**EXERCISE BRIEF**
Go through the entries that follow and count every line with the string "Illustration". Reply with the number only.
____ SOURCE MATERIAL
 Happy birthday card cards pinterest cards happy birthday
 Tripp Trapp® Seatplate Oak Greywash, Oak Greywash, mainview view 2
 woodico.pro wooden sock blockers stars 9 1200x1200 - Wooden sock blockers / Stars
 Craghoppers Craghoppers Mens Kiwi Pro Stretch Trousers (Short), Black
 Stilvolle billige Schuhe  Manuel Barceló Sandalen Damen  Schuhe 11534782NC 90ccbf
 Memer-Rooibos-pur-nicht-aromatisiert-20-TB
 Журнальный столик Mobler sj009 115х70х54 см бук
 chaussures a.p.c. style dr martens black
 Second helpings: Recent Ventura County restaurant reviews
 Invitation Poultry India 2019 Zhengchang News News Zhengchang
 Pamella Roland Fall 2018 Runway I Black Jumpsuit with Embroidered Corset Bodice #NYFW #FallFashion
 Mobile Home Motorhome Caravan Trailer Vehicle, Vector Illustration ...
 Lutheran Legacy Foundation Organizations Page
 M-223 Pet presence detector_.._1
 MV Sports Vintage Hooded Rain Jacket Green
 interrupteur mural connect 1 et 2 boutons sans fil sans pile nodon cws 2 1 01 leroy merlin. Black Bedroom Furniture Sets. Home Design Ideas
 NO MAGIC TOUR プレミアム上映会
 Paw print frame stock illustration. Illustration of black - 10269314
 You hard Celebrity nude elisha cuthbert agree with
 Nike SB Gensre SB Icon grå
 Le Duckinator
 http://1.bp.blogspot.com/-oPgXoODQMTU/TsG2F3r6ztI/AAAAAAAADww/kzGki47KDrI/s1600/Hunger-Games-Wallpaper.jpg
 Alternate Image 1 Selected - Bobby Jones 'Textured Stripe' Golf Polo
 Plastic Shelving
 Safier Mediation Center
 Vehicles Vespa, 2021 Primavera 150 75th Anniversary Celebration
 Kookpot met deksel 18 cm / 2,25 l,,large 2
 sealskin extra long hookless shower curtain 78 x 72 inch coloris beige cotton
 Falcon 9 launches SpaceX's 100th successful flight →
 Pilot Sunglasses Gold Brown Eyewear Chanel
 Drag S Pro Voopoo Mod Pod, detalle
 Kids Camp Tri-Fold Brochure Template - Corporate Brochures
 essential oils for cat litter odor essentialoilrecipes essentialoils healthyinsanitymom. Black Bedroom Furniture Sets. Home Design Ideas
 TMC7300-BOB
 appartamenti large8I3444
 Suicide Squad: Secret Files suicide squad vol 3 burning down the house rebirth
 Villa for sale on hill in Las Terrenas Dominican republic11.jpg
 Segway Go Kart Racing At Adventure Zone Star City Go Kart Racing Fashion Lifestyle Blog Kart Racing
________
**OUTPUT OF THE TASK**
2